### EXERCISE
For every line in the material, output its text exactly and exclude any image it holds.

### SUPPLIED MATERIAL
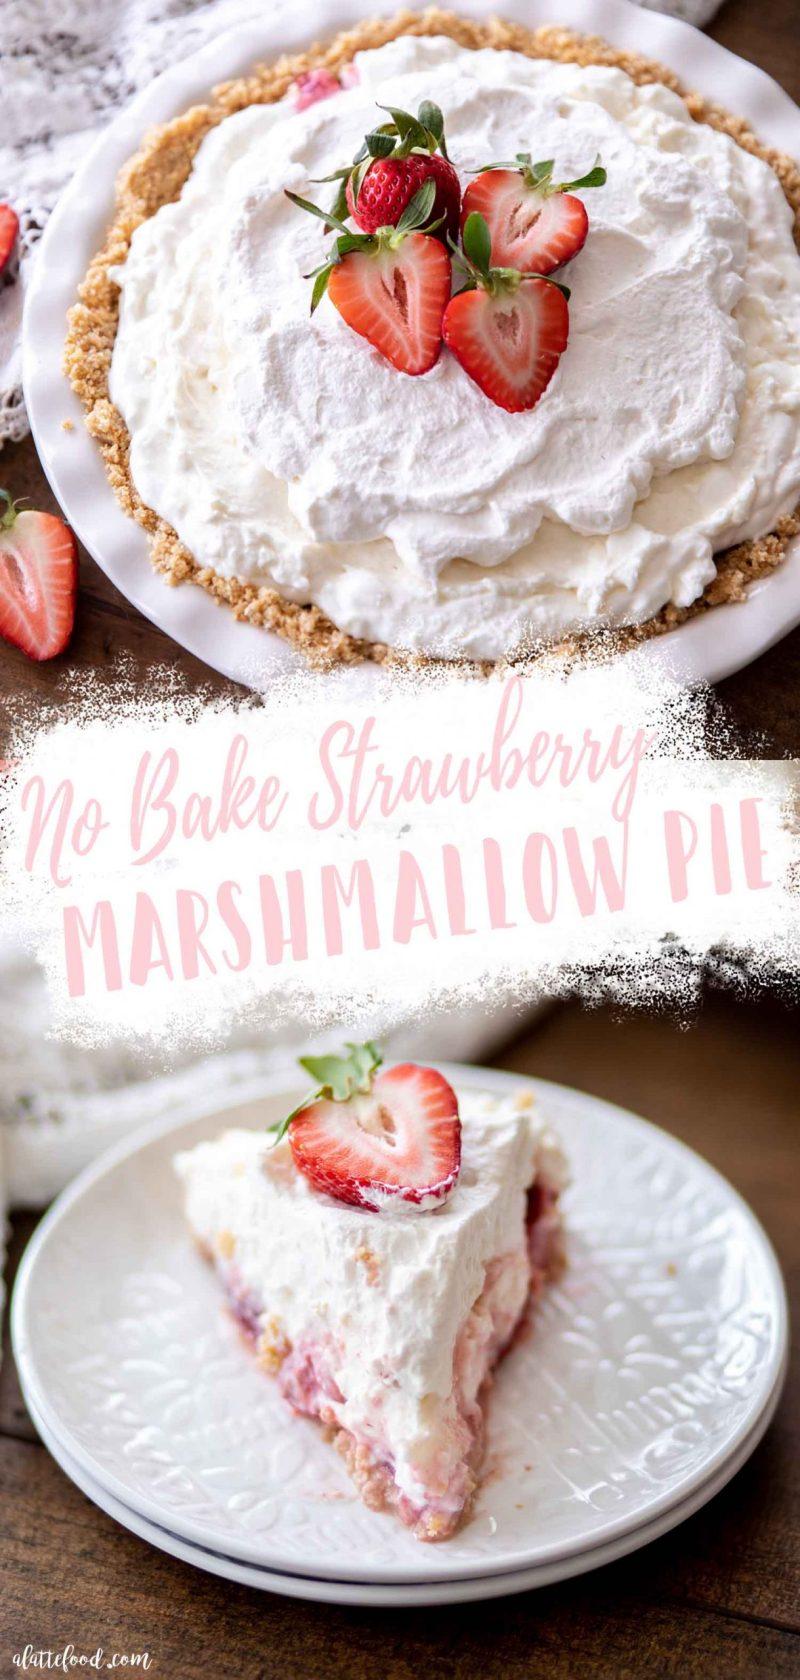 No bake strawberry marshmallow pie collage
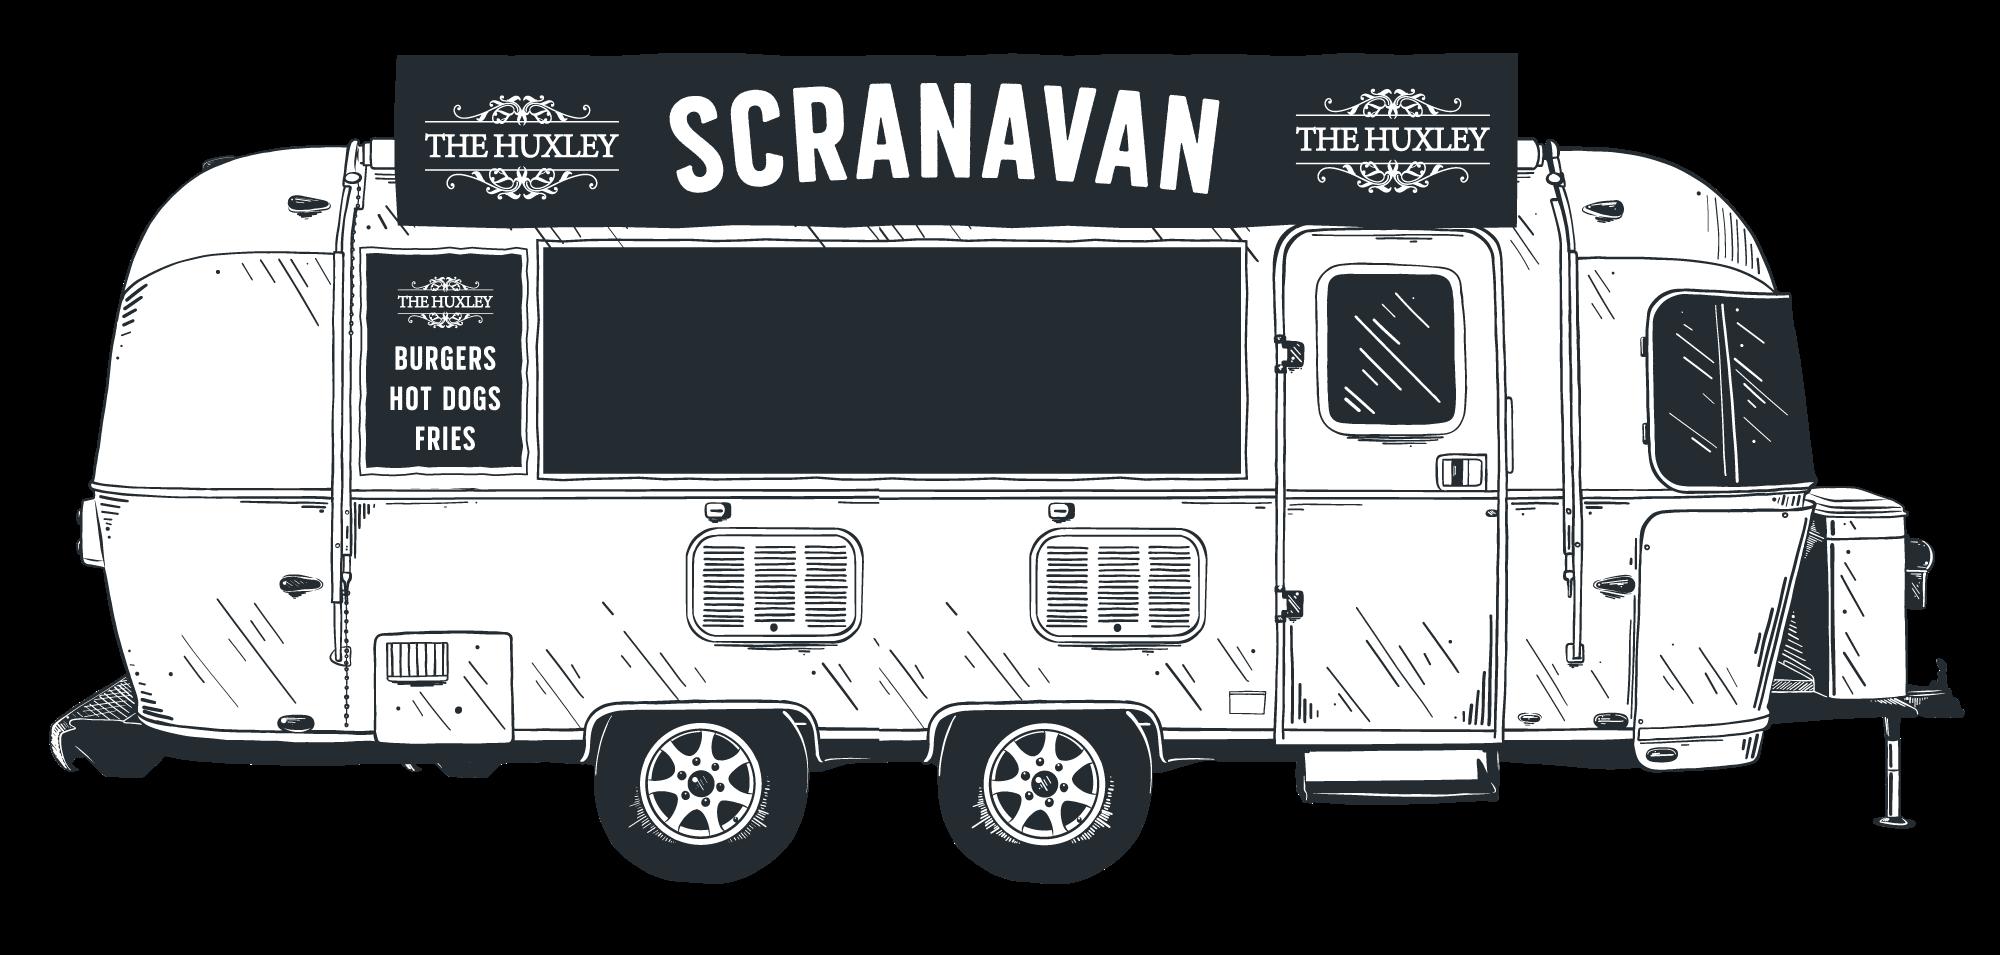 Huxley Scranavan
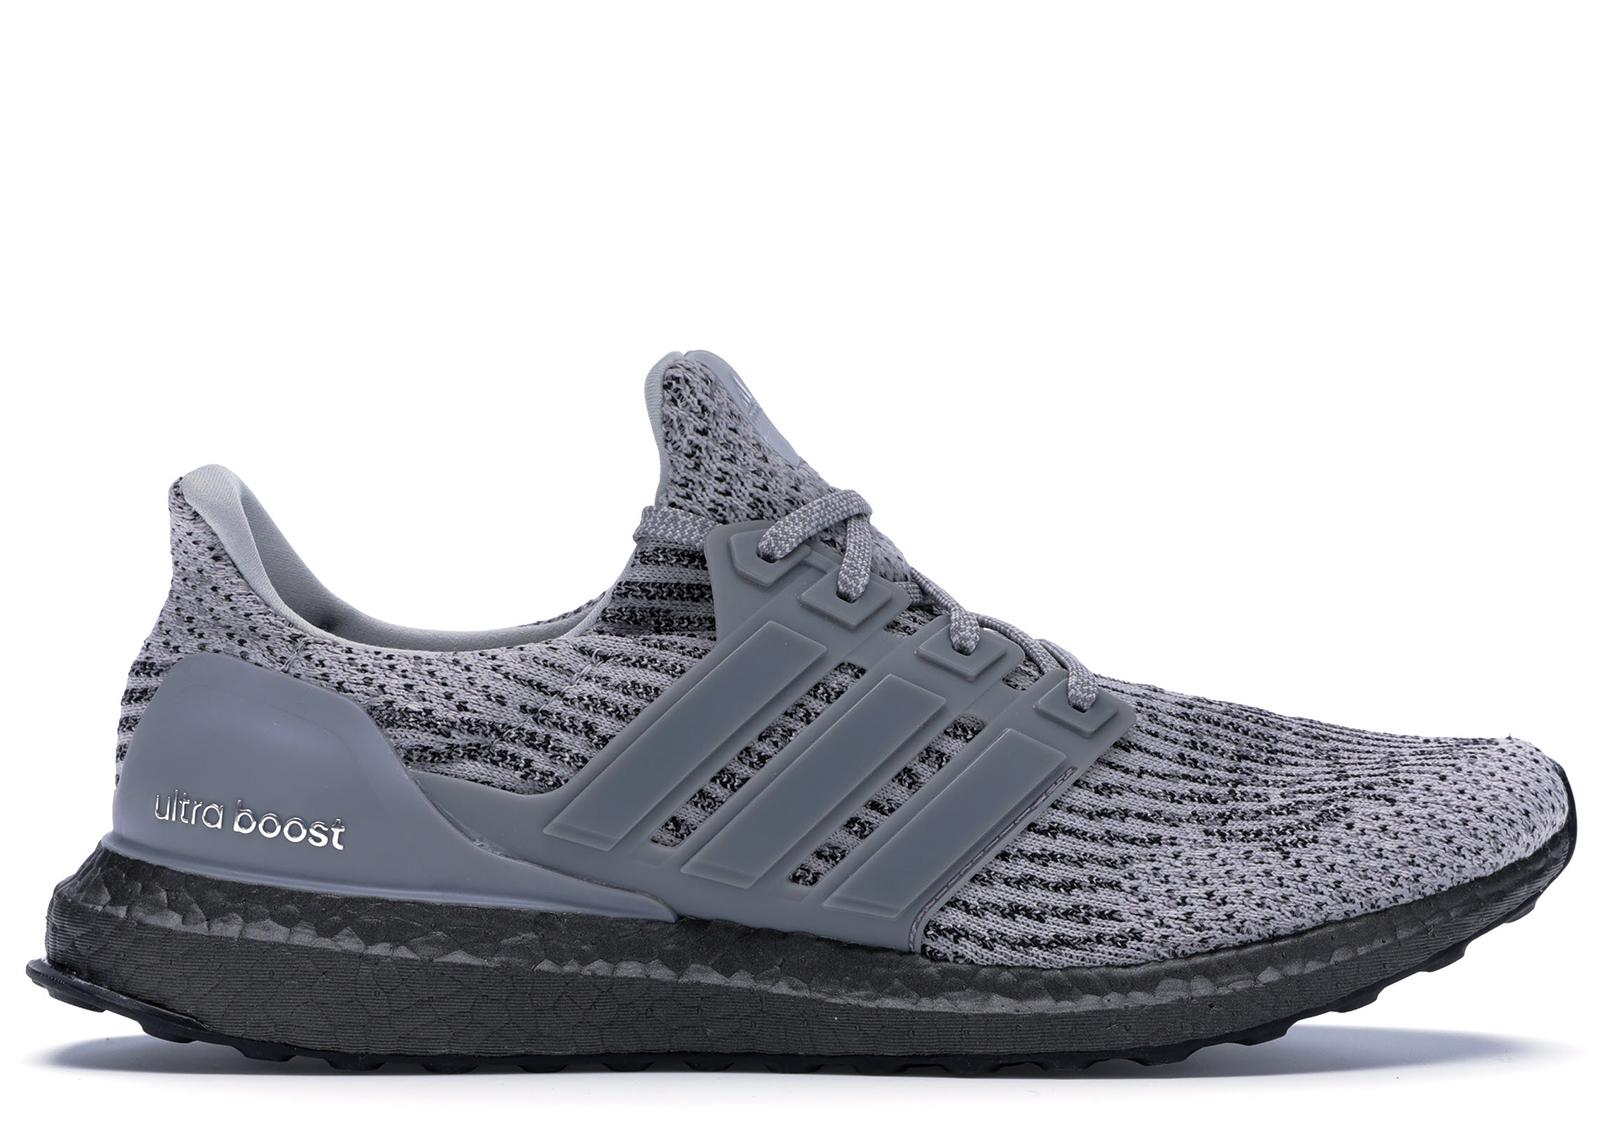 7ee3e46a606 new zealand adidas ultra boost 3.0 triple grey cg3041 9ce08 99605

### THE ANSWER
 No bake strawberry marshmallow pie collage
 Huxley Scranavan
 7ee3e46a606 new zealand adidas ultra boost 3.0 triple grey cg3041 9ce08 99605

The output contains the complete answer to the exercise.